CS 4641 B: Machine Learning (Fall 2020)
Course Information
- Lecture time: Mondays and Wednesdays, 3:30pm-4:45pm
- Location: BlueJeans
- Piazza: https://piazza.com/gatech/fall2020/cs4641b/home
Course Overview
This course introduces techniques in machine learning with an emphasis on algorithms and their applications to real-world data. We will investigate the following question: how to computationally extract useful knowledge from data for decision making and task support? We will focus on machine learning methods, which are organized into three parts:
Basic math for data science and machine learning
- Linear algebra
- Probability and statistics
- Information theory
- Optimization
Unsupervised machine learning for data exploration
- Clustering analysis
- Dimensionality reduction
- Kernel density estimation
Supervised learning for predictive data analysis
- Tree-based models
- Support vector machines
- Linear classification and regression
- Neural networks
Prerequisites for this course include basic knowledge of probability, statistics, linear algebra, and basic programming experience in Python.
In addition to the technical content, this class includes the following learning objectives:
- Structuring a task into a machine learning work flow
- Collaborating effectively on team projects in a remote environment
- Conducting peer evaluation in a constructive format
- Communicating technical content in a concise and effective manner
Schedule
Course policies
- Attendance: Our class will be offered in a hybrid "touch point" mode. We will not meet in person for our regular lectures which will be live-streamed and recorded. The recordings will be made available to all students after class time. On-campus attendance for the in-person touch points is not mandatory and remote participation will be available. Attendance to the live-streamed lectures is mandatory and will count towards your participation grade.
- Class deliverables: All class deliverables will be handled via Gradescope. The time span offered to complete the course projects and assignments is plentiful and deadlines will not be extended under any circumstances. To ensure the class is fair for all students, you will receive zero credit for work submitted after the deadline. Regrade requests should be submitted directly on Gradescope within one week of grade publication. Should you find yourself at an impasse with the TA responsible for your grading, feel free to contact the head TA or course instructor.

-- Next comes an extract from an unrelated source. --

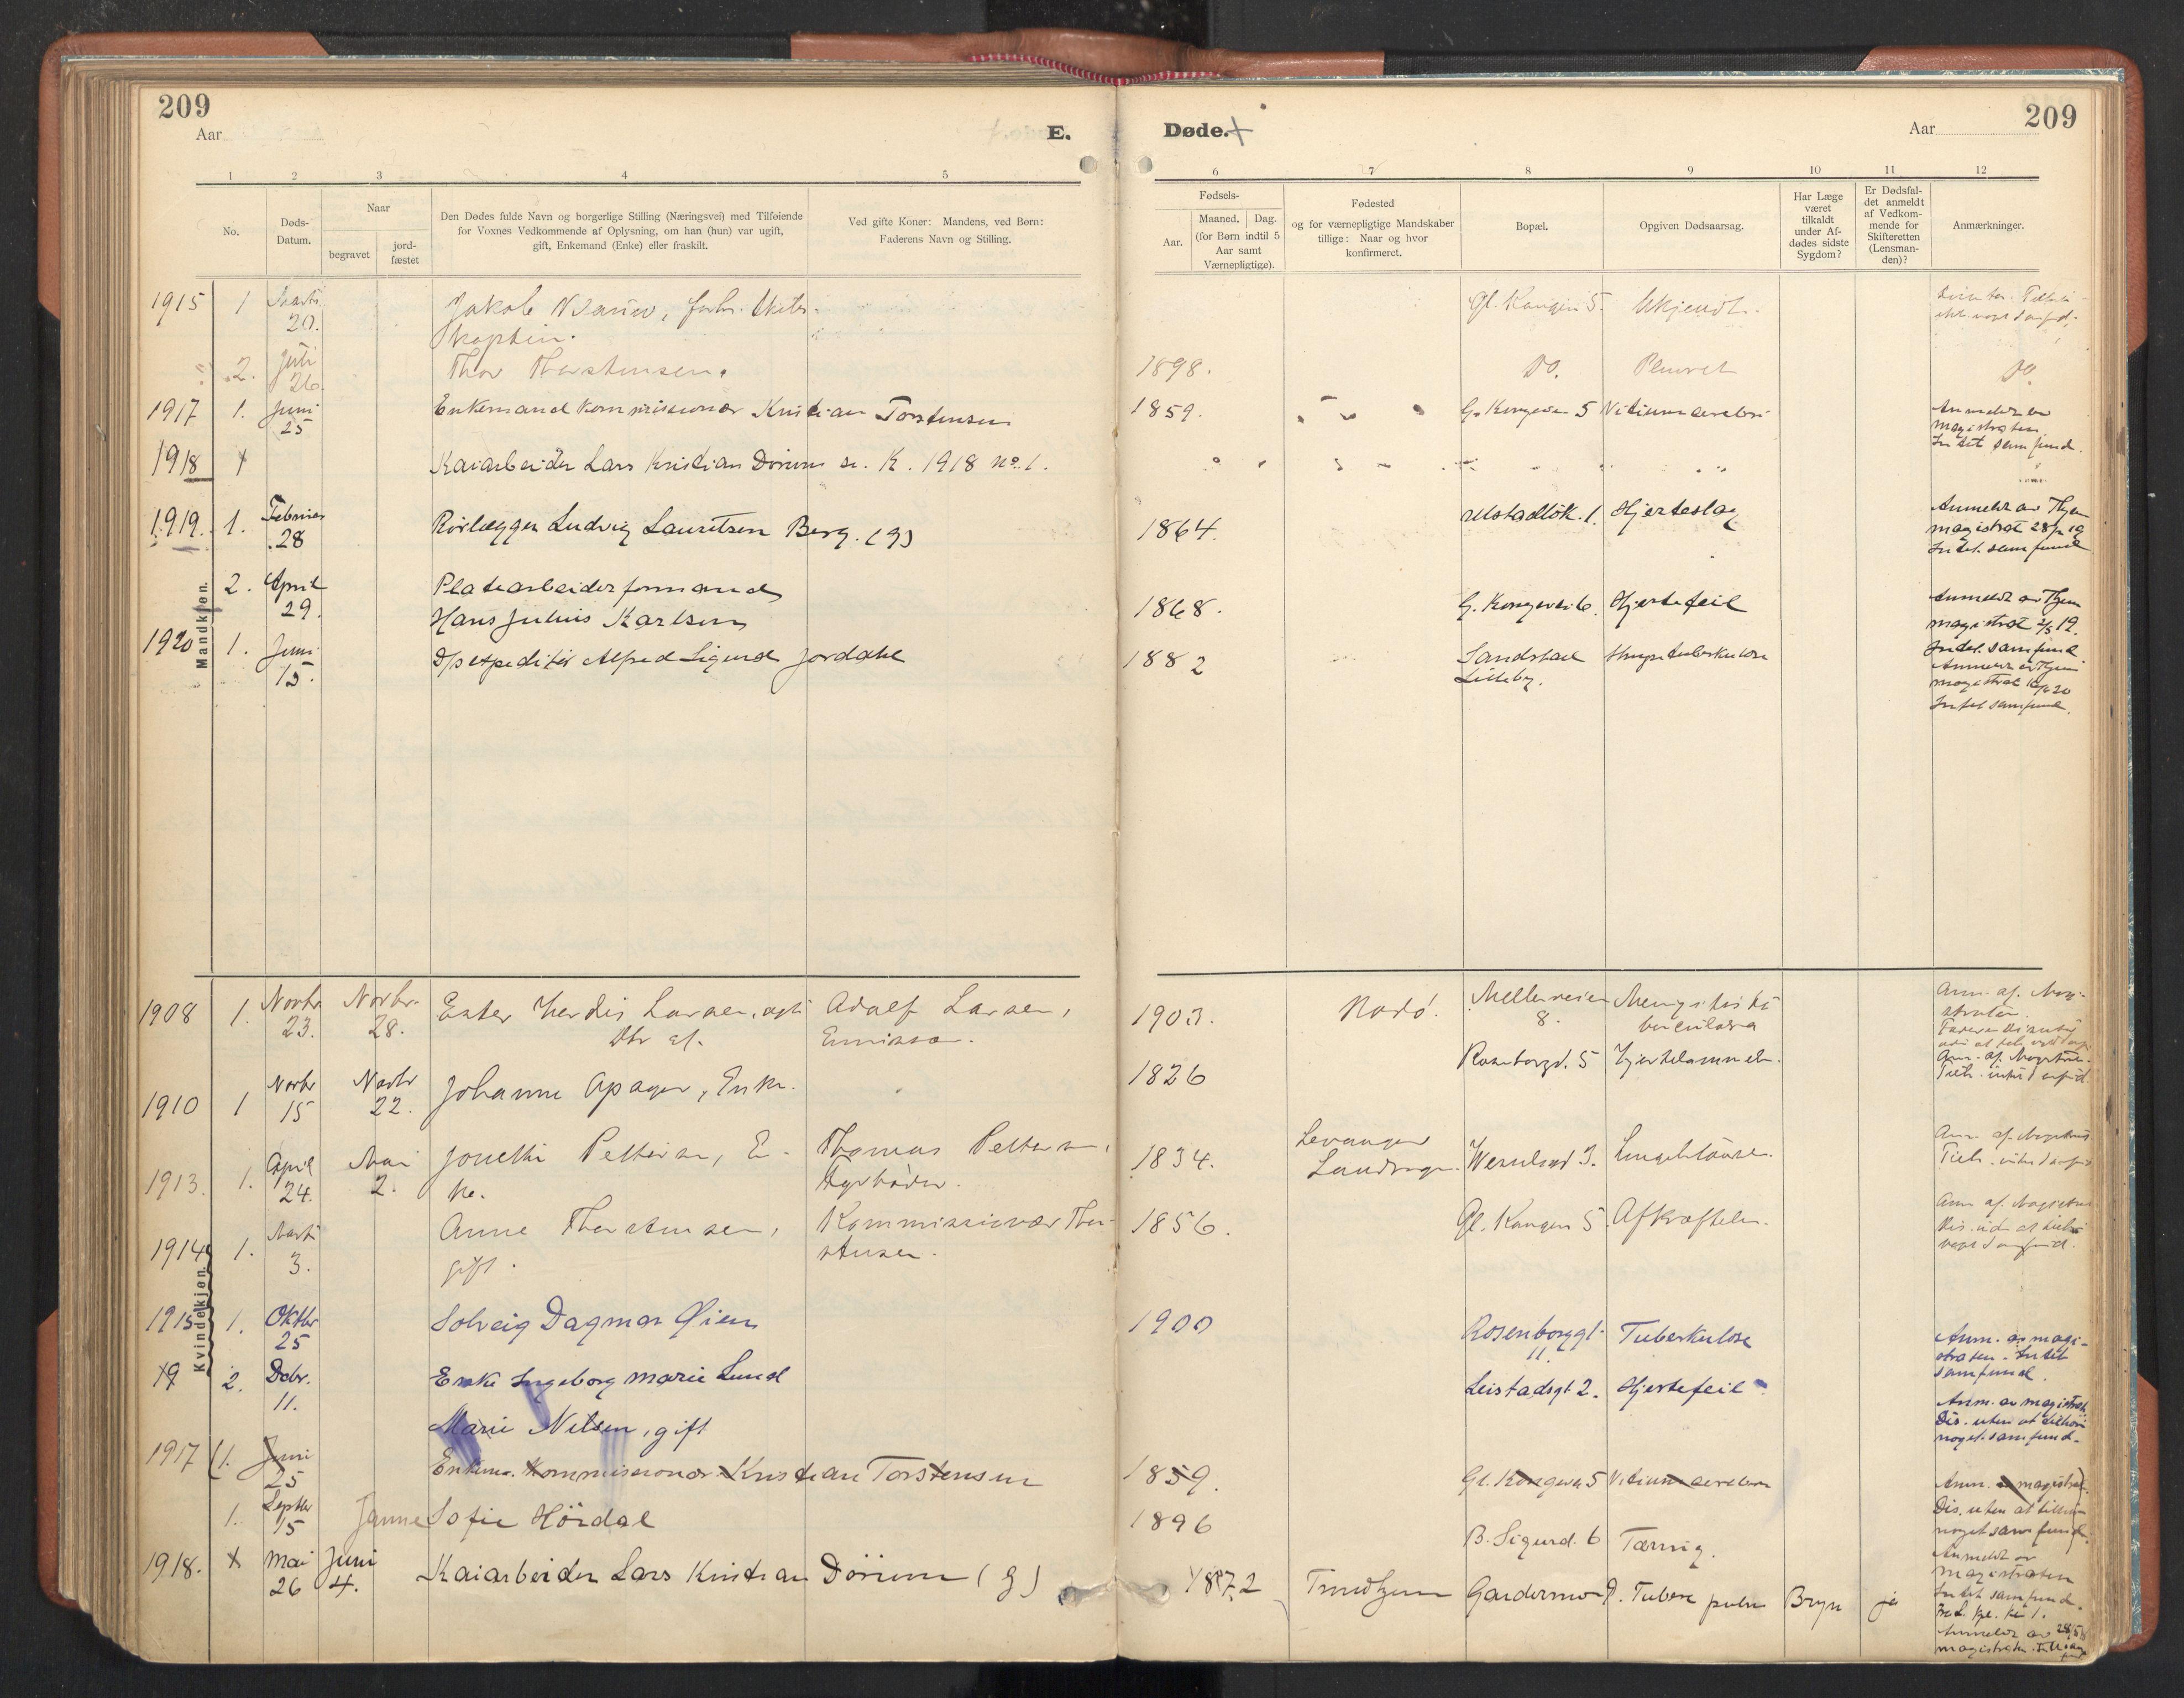 SAT, Ministerialprotokoller, klokkerbøker og fødselsregistre - Sør-Trøndelag, 605/L0244: Ministerialbok nr. 605A06, 1908-1954, s. 209

- Exceptional circumstances: Any request for exceptions to these policies should be made in advance when at all possible. Requests should be due to incapacitating illness, personal emergencies, or similarly serious events. Your request should be accompanied by a supporting letter issued by the Dean of Students.
- Communication: The most effective means of communication with the TAs and Instructor in this course is via private notes on Piazza. While the instructor diligently checks the Piazza page for communication from the students, please allow a 24 hour period for any special requests to be processed. Also note that messages submitted after 9:00pm EST or during the weekend will most likely receive an answer on the following business day.
Diversity and inclusion
Just as machine learning algorithms cannot accomplish complex tasks if trained on datasets of limited variability, our course cannot be successful without appreciating the diversity of our students. In this class we aim to create an environment where all voices are valued, respecting the diversity of gender, sexuality, age, socioeconomic status, ability, ethnicity, race, and culture. We always welcome suggestions that can help us achieve this goal. Additionally, if any of our class scheduled activities conflicts with religious events, please inform the instruction team so that we can make appropriate arrangements for you.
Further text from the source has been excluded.